The Company will receive aggregate gross proceeds of $11.275 million from the Offering, before deducting underwriting discounts and other related expenses. In addition, the Company has granted the underwriters an option, exercisable within 30 days after the closing of the Offering, to purchase up to an additional 412,500 Class A ordinary shares at the public offering price, less underwriting discounts and commissions. The Offering was conducted on a firm commitment basis.

Proceeds from the Offering will be used for business development and marketing, research and development, exploration of new product and service offerings and the creation of an online global design center, and general corporate purposes and working capital.

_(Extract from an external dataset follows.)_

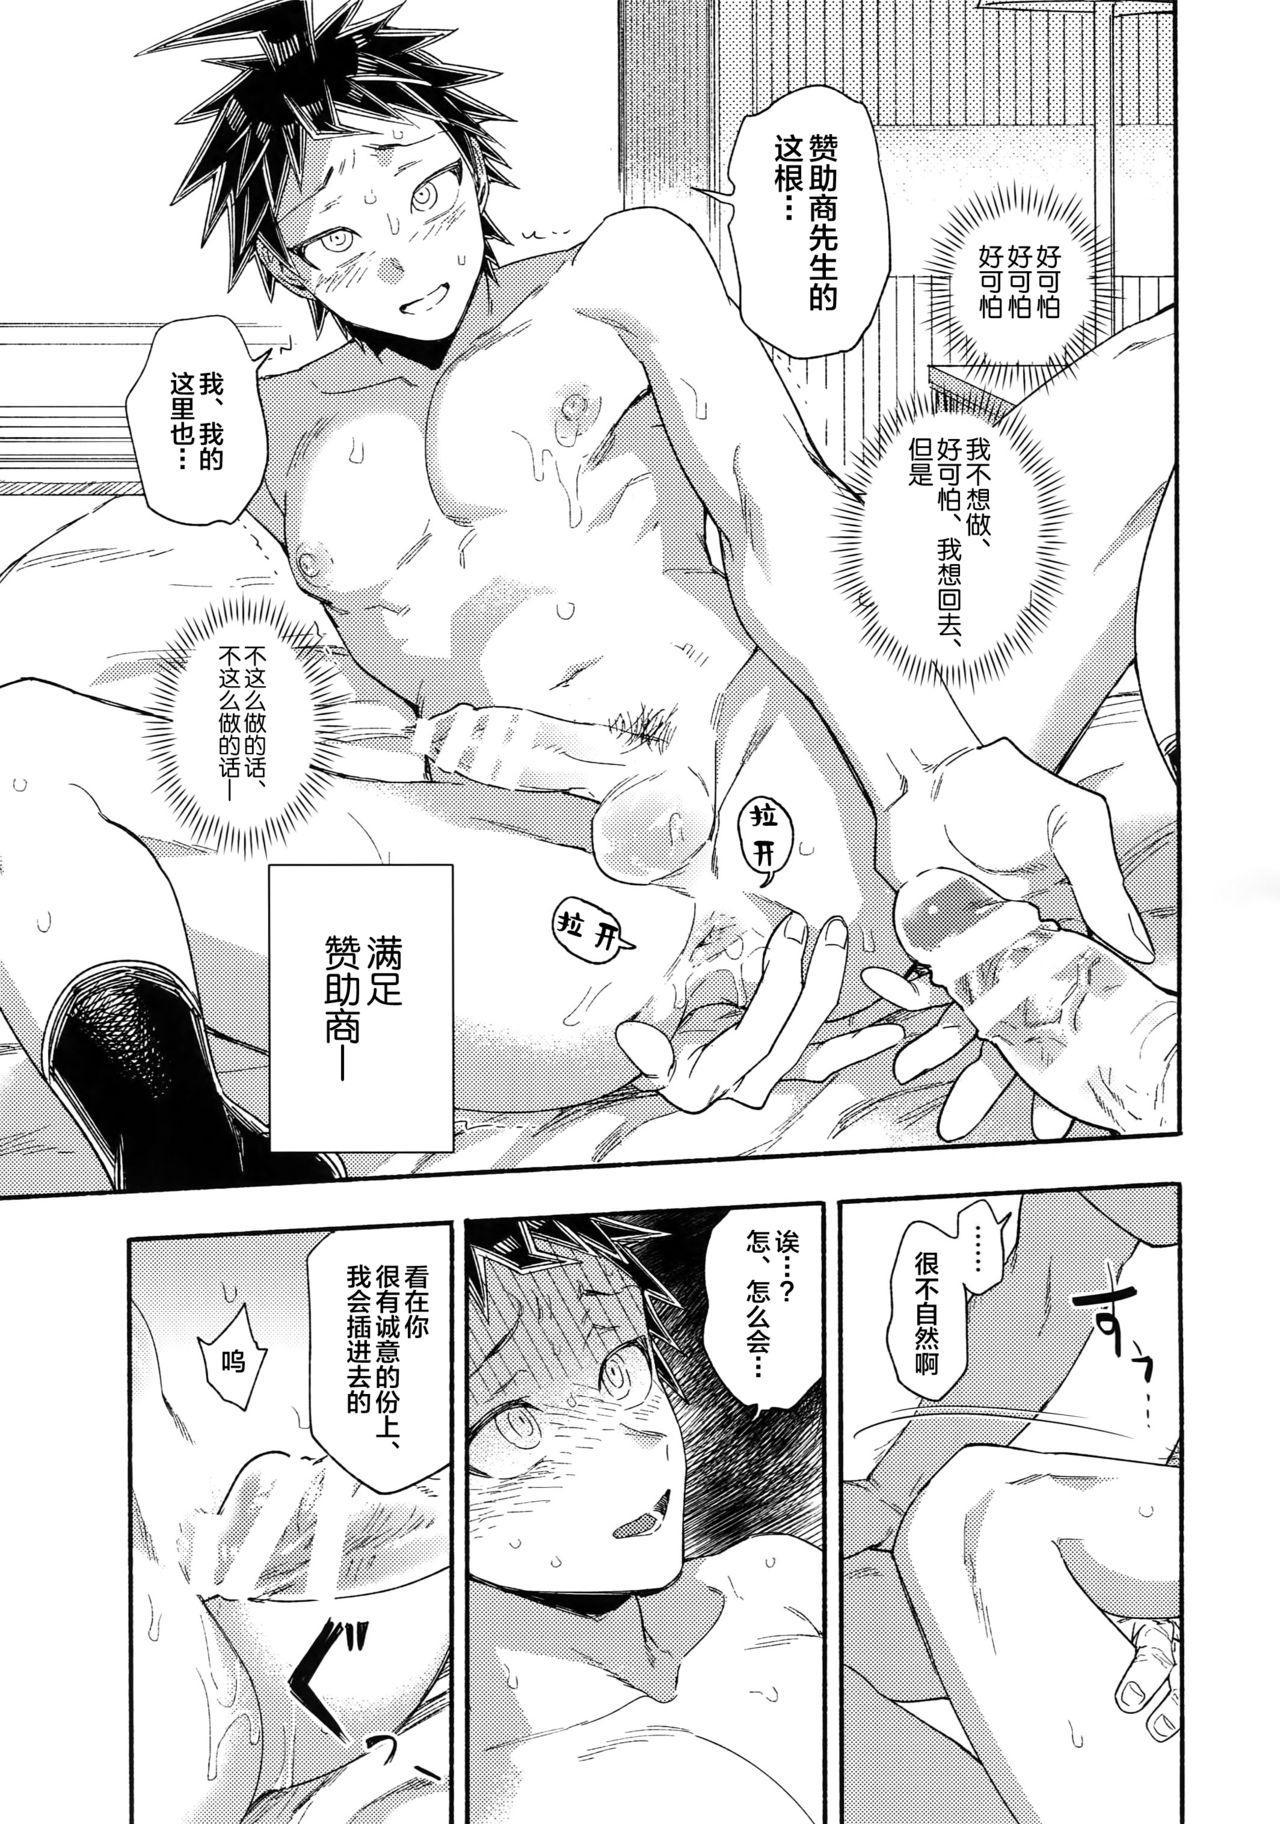 Aisareru Yobi Gakka 10
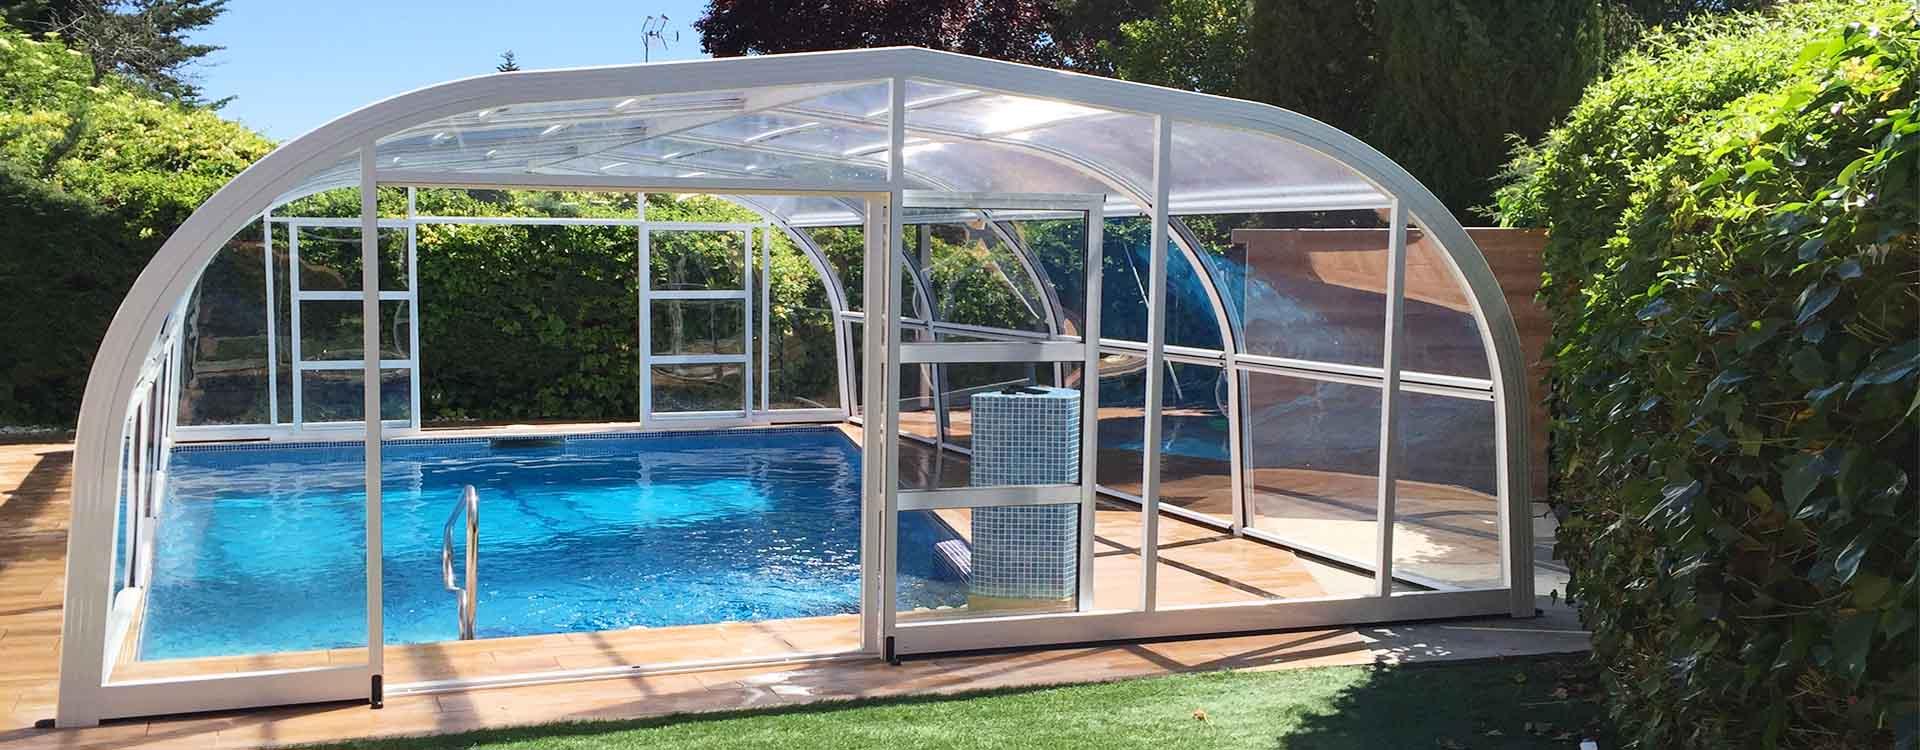 Cubiertas para piscinas al mejor precio cubriland - Piscinas cubiertas sevilla ...

Cathay Securities, Inc. acted as the representative of the underwriters, with Revere Securities LLC acting as co-underwriter (collectively, the “Underwriters”) for the Offering. VCL Law LLP served as counsel to the Company. Winston & Strawn LLP served as counsel to the Underwriters.

The Offering was conducted pursuant to the Company’s Registration Statement on Form F-1, as amended (File No. 333-269657) (the “Registration Statement”), previously filed with and subsequently declared effective by the U.S. Securities and Exchange Commission (“SEC”) on February 3, 2025. The Offering was made only by means of a prospectus, forming a part of the Registration Statement. A final prospectus relating to the Offering will be filed with the SEC and will be available on the SEC’s website at www.sec.gov. Alternatively, electronic copies of the prospectus relating to the Offering may be obtained from Cathay Securities, Inc. at 40 Wall Street, Suite 3600, New York, NY 10005, or by telephone at +1 (855) 939-3888.

This press release has been prepared for informational purposes only and shall not constitute an offer to sell or the solicitation of an offer to buy these securities, nor shall there be any sale of these securities in any state or jurisdiction in which such offer, solicitation or sale would be unlawful prior to registration or qualification under the securities laws of any such state or jurisdiction.

About EPWK HOLDINGS LTD.

The Company connects businesses with outstanding talent through an innovative and efficient integrated crowdsourcing platform, providing creative transaction services for small and medium-sized enterprises and suppliers. The Company was founded by Huang Guohua, former chief reporter of Fujian Daily Press Group, and conducts its operations through its subsidiaries and contractual arrangements with the variable interest entity in China. For more information, please visit the Company’s website: www.epwk.com

Forward-Looking Statements

All statements other than statements of historical fact in this announcement are forward-looking statements. These forward-looking statements involve known and unknown risks and uncertainties and are based on current expectations and projections about future events and financial trends that the Company believes may affect its financial condition, results of operations, business strategy and financial needs, including the expectation that the Offering will be successfully completed. Investors can identify these forward-looking statements by words or phrases such as “may,” “will,” “expect,” “anticipate,” “aim,” “estimate,” “intend,” “plan,” “believe,” “potential,” “continue,” “is/are likely to” or other similar expressions. The Company undertakes no obligation to update forward-looking statements to reflect subsequent occurring events or circumstances, or changes in its expectations, except as may be required by law. Although the Company believes that the expectations expressed in these forward-looking statements are reasonable, it cannot assure you that such expectations will turn out to be correct, and the Company cautions investors that actual results may differ materially from the anticipated results and encourages investors to review other factors that may affect its future results in the Company’s registration statement and in its other filings with the SEC.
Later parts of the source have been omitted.